The team is having a much better year this year, but no one other than Sterling thinks this has anything to do with him.

The stadium the Clippers play in, Staples Center, was not built with taxpayers' money, due to heroic resistance by the City Council in the mid-to-late 1990s, but it was still utterly dependent on city condemnation, property management and tax-increment funding (story here). So once again we have a story of billionaires building their fortunes via government aid, the way it's almost always done.

In short, Sterling's wealth as a team owner is almost entirely due to the complex web of financial and political arrangements that shield him from the normal vicissitudes of free market competition.

And this is the man who thinks he is the source of everything the Clippers are? Could there be a better poster boy for everything wrong with the 1 percent? Or, rather, the 1 percent of the 1 percent.

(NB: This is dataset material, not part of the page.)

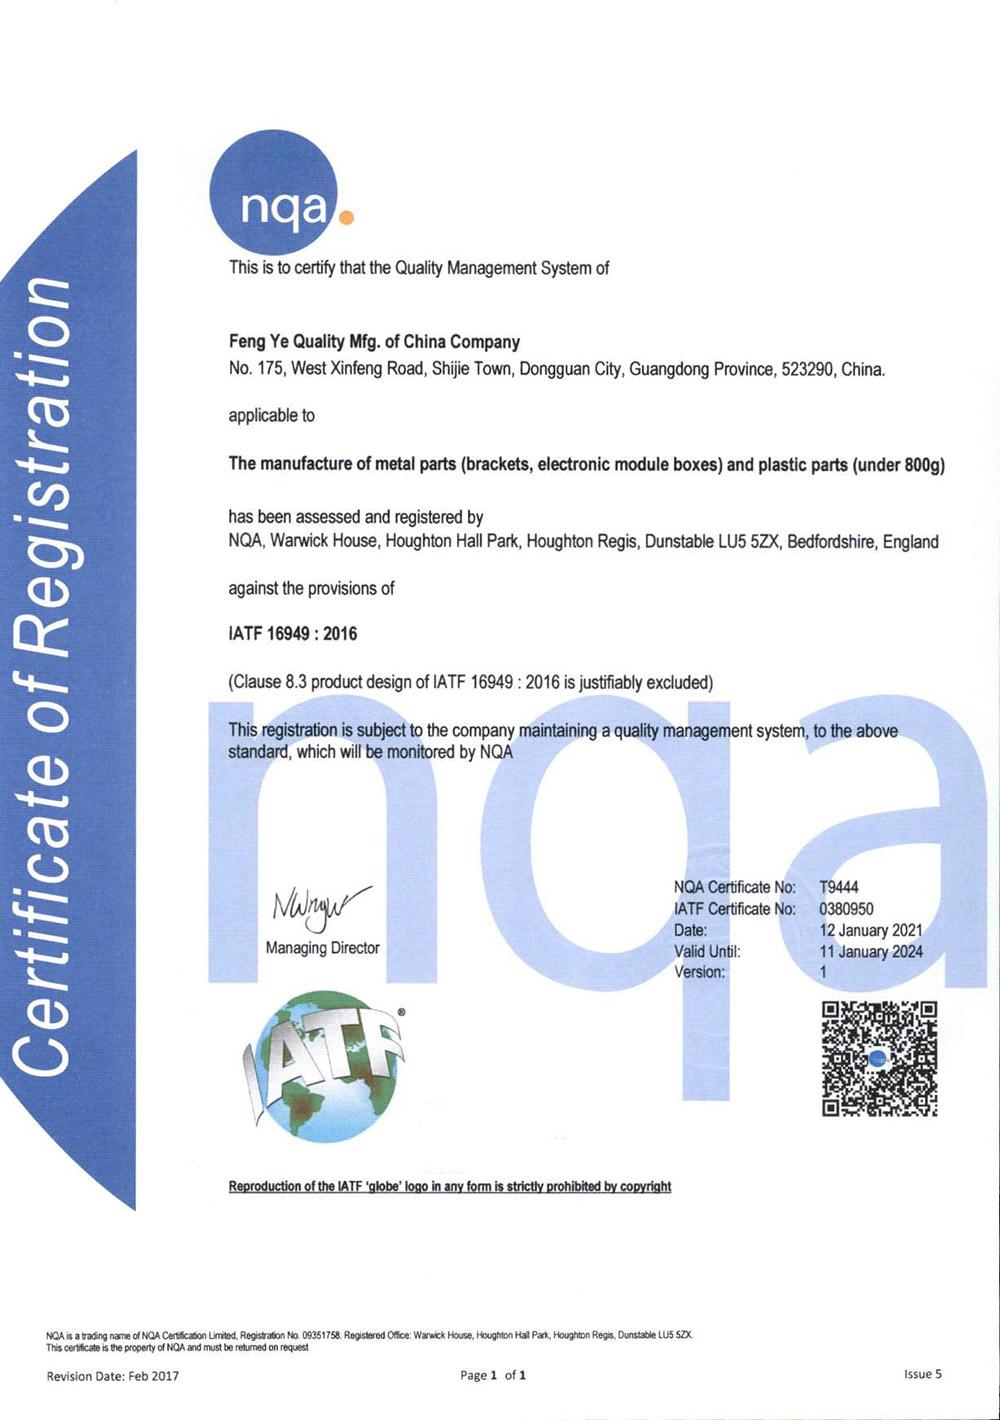 IATF2016-Quality-Management-System-Certificate.jpg

But let's not forget the typical self-pitying, conservative “I'm the victim here” mentality that Sterling so richly displays on the tape itself. The shorter version posted at Deadspin begin like this:

V: "Honey, I'm sorry. Is there anything I can do to make you feel better?"

DS: "No, you can never make me feel better."

V: "I'm sorry."

DS: "You're just a fighter, you want to fight. And I'm not the man who wants to fight."

The words alone only tell half the story. V. Stiviano's tone throughout is soft and supportive, Sterling's tone is harsh, embittered, softening only for purposes of self-pity.  When he says, “I'm not the man who wants to fight," he sounds like a character on "Justified" who of course means exactly the opposite — and not one of the good guys.

It goes on in a similar fashion for some time, Sterling acting wounded, trying to start a fight, V. Stiviano trying to lick his wounds for him, which only makes him madder.

V: "I'm sorry, honey, can I get you a little bit more juice? I don't want to fight with you."

DS: "Of course you do, you love to fight."

V: "I don't fight."

DS: "That's all you do, you fight with everybody."

V: "I'm sorry you feel that way, honey. I don't know how this conversation even came about.

This corrosively self-pitying stance that Sterling has locked himself into forms the background to the racially ridiculous quotes you may have seen. In his mind, Sterling isn't racist — the world is. And he is just trying to live in it “realistically” — it's all their fault! At the same time, V. Stiviano is being terribly mean to him, because she refuses to be his 100 percent compliant sock-puppet, but instead tries to be an autonomous, but deeply caring friend, who is trying to see the world in a different light, as a more open-minded place — and to put him in touch with his own power to do the right thing, even if the world were as bad a place as he thinks it is.

But the powerless mega-millionaire will have none of it. Hence, there's this interchange:

V: "I'm sorry, I didn't do anything."

DS: "You NEVER do anything, and NEVER do anything wrong."

V: "But I didn't do anything."

DS: "You upset me, and made me crazy."

V: "You made yourself upset."

DS: "No, that's not true. You didn't start off by saying, 'Honey, I understand, we're living in a culture we can't change--'

V: "Because I don't understand. I don't see your views. I wasn't raised the way you were raised."

And later, this:

DS: We don't evaluate what's right and wrong, we live in a society. We live in a culture. We have to live within that culture.

V: But shouldn't we take a stand for what's wrong? And be the change and the difference?

DS: I don't want to change the culture, because I can't. It's too big and too [unknown].

V: But you can change yourself.

DS: I don't want to change. If my girl can't do what I want, I don't want the girl. I'll find a girl that will do what I want! Believe me. I thought you were that girl—because I tried to do what you want. But you're not that girl.

So, long story short: he's breaking up with her, because she won't be his dutiful white supremacist yes woman.

Don't look now, but V. Stiviano is the luckiest person in the world today. Cliven Bundy is a distant second.